Gain set properly on a quality amp and there shouldn't be any issues over heating when running at 2 ohms, assuming amp mounted for proper ventilation. I've heard JBL and infinity speaker claiming 2 ohms impedance, can't say they sounded bad. I can't believe anyone could actually hear any difference between a 2 ohm or 4 ohm speaker, ALL other factors the same.


----------



## floydfan13 (Dec 24, 2012)

I have the Kenwood KAC-8405.


----------



## floydfan13 (Dec 24, 2012)

Would I see any benefit from using 2 ohm speakers? On paper there's obviously a difference in power, but would I hear a difference real world? there aren't a lot of 2 ohm options available in my price range ($150). Would I be "Settling for less" going with a 4 ohm set?


----------



## Weigel21 (Sep 8, 2014)

Amp should be capable of [email protected] ohms, but just set the gains for maximum clean output. 

Amp also has dual cooling fans, which should do their job so long as the amp is mounting in a proper location. 

Granted, I'm not a Kenwood fan, I still feel it should do just fine.


----------



## Weigel21 (Sep 8, 2014)

Going from 60RMS to 90RMS should yeild a noticeable increase in output from a driver, all other factors being equal. 

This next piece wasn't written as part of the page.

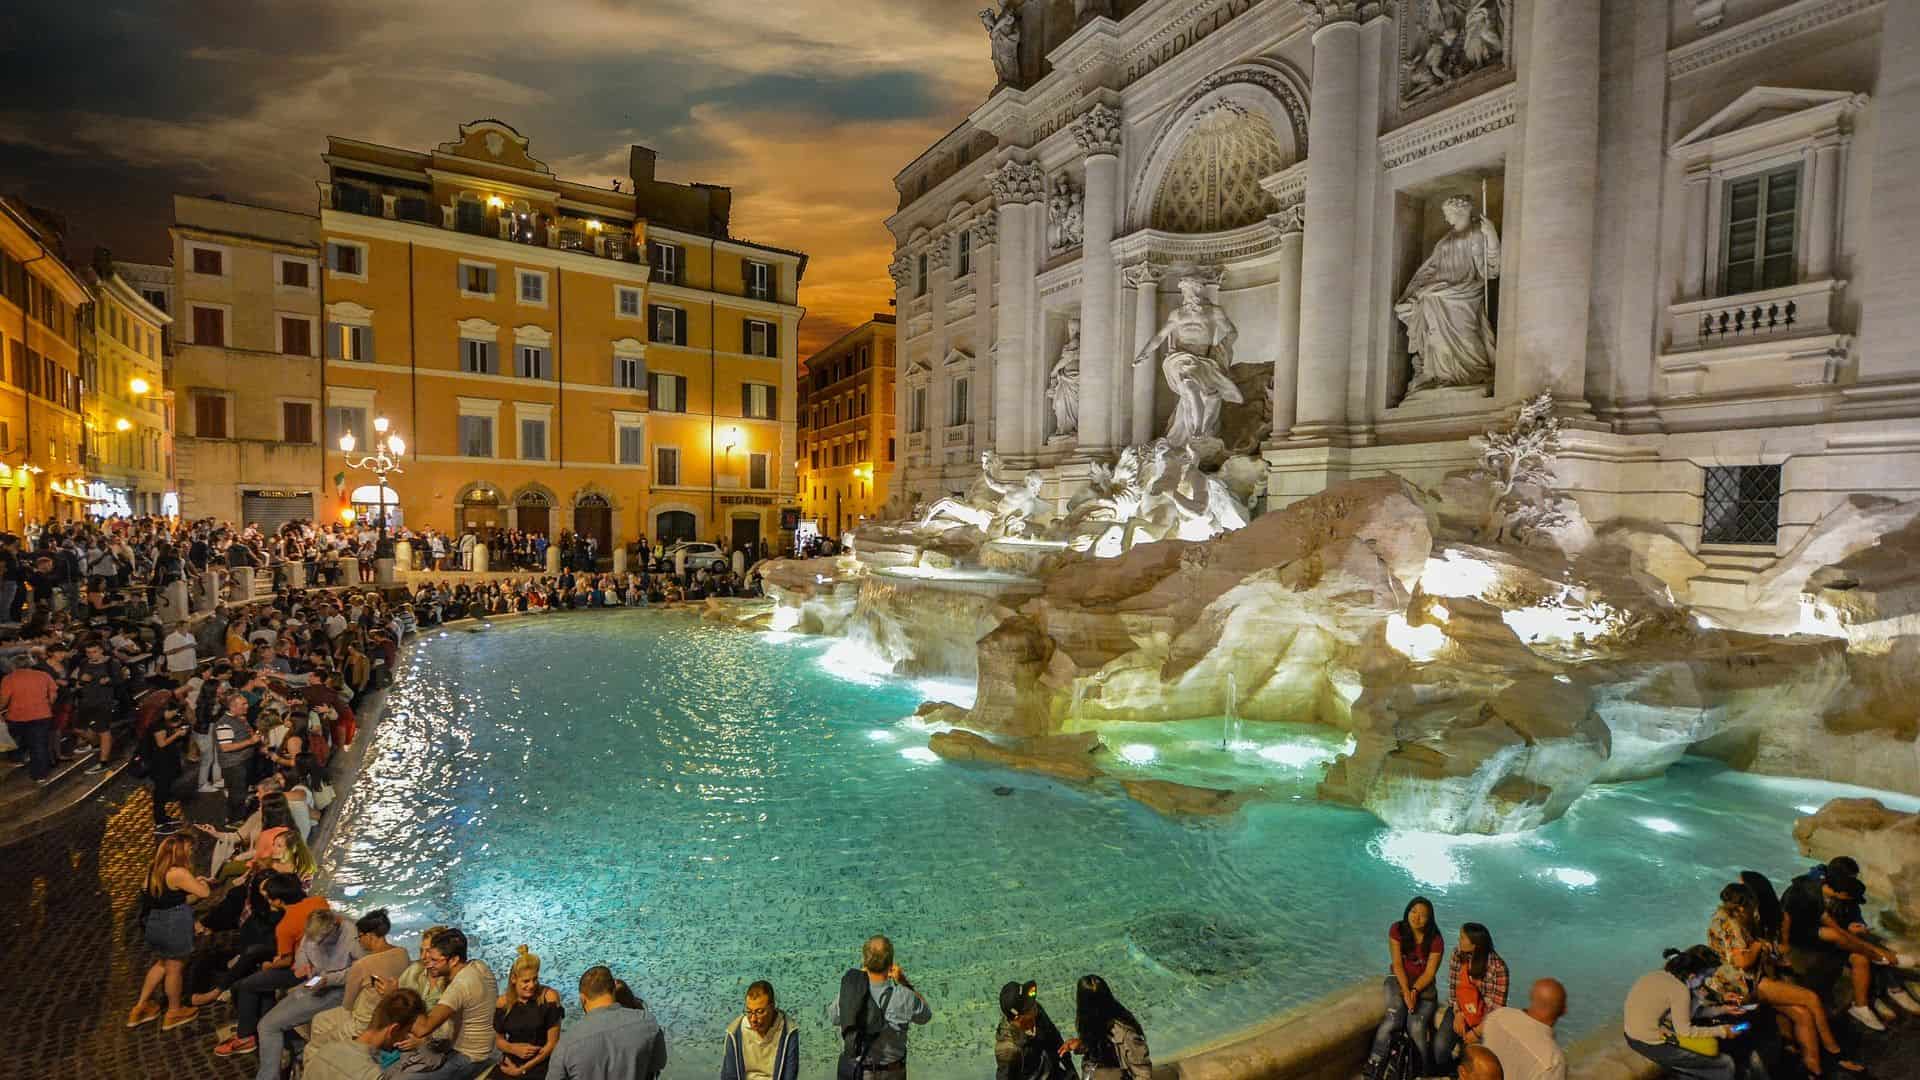 Visit the Trevi Fountain at the Piazza di Trevi (Rome)

Still, I can't say there's many that actually listen to their systems to were their full range is regularly seeing such levels of power. That'd be awfully loud.


----------



## kyheng (Jan 31, 2007)

Advantage of running 2ohms is your runs hotter. Other than that I don't see any advantage on it.


----------



## gijoe (Mar 25, 2008)

Weigel21 said:


> Going from 60RMS to 90RMS should yeild a noticeable increase in output from a driver, all other factors being equal.
> 
> Still, I can't say there's many that actually listen to their systems to were their full range is regularly seeing such levels of power. That'd be awfully loud.


1.5dB


----------



## redit (Jan 14, 2012)

floydfan13 said:


> Would I see any benefit from using 2 ohm speakers? On paper there's obviously a difference in power, but would I hear a difference real world? there aren't a lot of 2 ohm options available in my price range ($150). Would I be "Settling for less" going with a 4 ohm set?


I went from a 4 ohm set of front components to a 2 ohm set of JBL's, both on a JBL GTO-3EZ. The increase in sonic output was negligible, but the increase in heat output from the amp was considerable.

Going from 4 ohm to 2 ohm on the sub channel of the 3EZ was noticeable, though, so go figure.

I wouldn't base my buying decision on the impedance of the speaker. I'd go for the best speaker in my price range.


----------



## Pitmaster (Feb 16, 2010)

gijoe said:


> 1.5dB


 ^ This. Really not worth any added strain on the amp.


----------



## Alrojoca (Oct 5, 2012)

The Nice thing about having components with 4 ohms resistance that handle a lot of power (up to 150W) is that you can always bridge almost any 4 ch amp to drive them without issues. 

The difference between 50 and 100W is not very noticeable. Between 80W and 150- 200W does make a more significant difference in headroom and sound quality improvement for components with passive xovers or only woofers with active crossovers.


----------



## gstokes (Apr 20, 2014)

gijoe said:


> 1.5dB


x 2, 50% power increase (roughly) equates to 1.5db increase..

Judging from the fact that the amp only provides a 50% power increase when the impedance is halved indicates a smallish power supply and limited headroom, i would run the amp with a 4 ohm load OR use a different amplifier but I'm guessing the amp will not be comfy driving a 2 ohm load..

:beerchug:


----------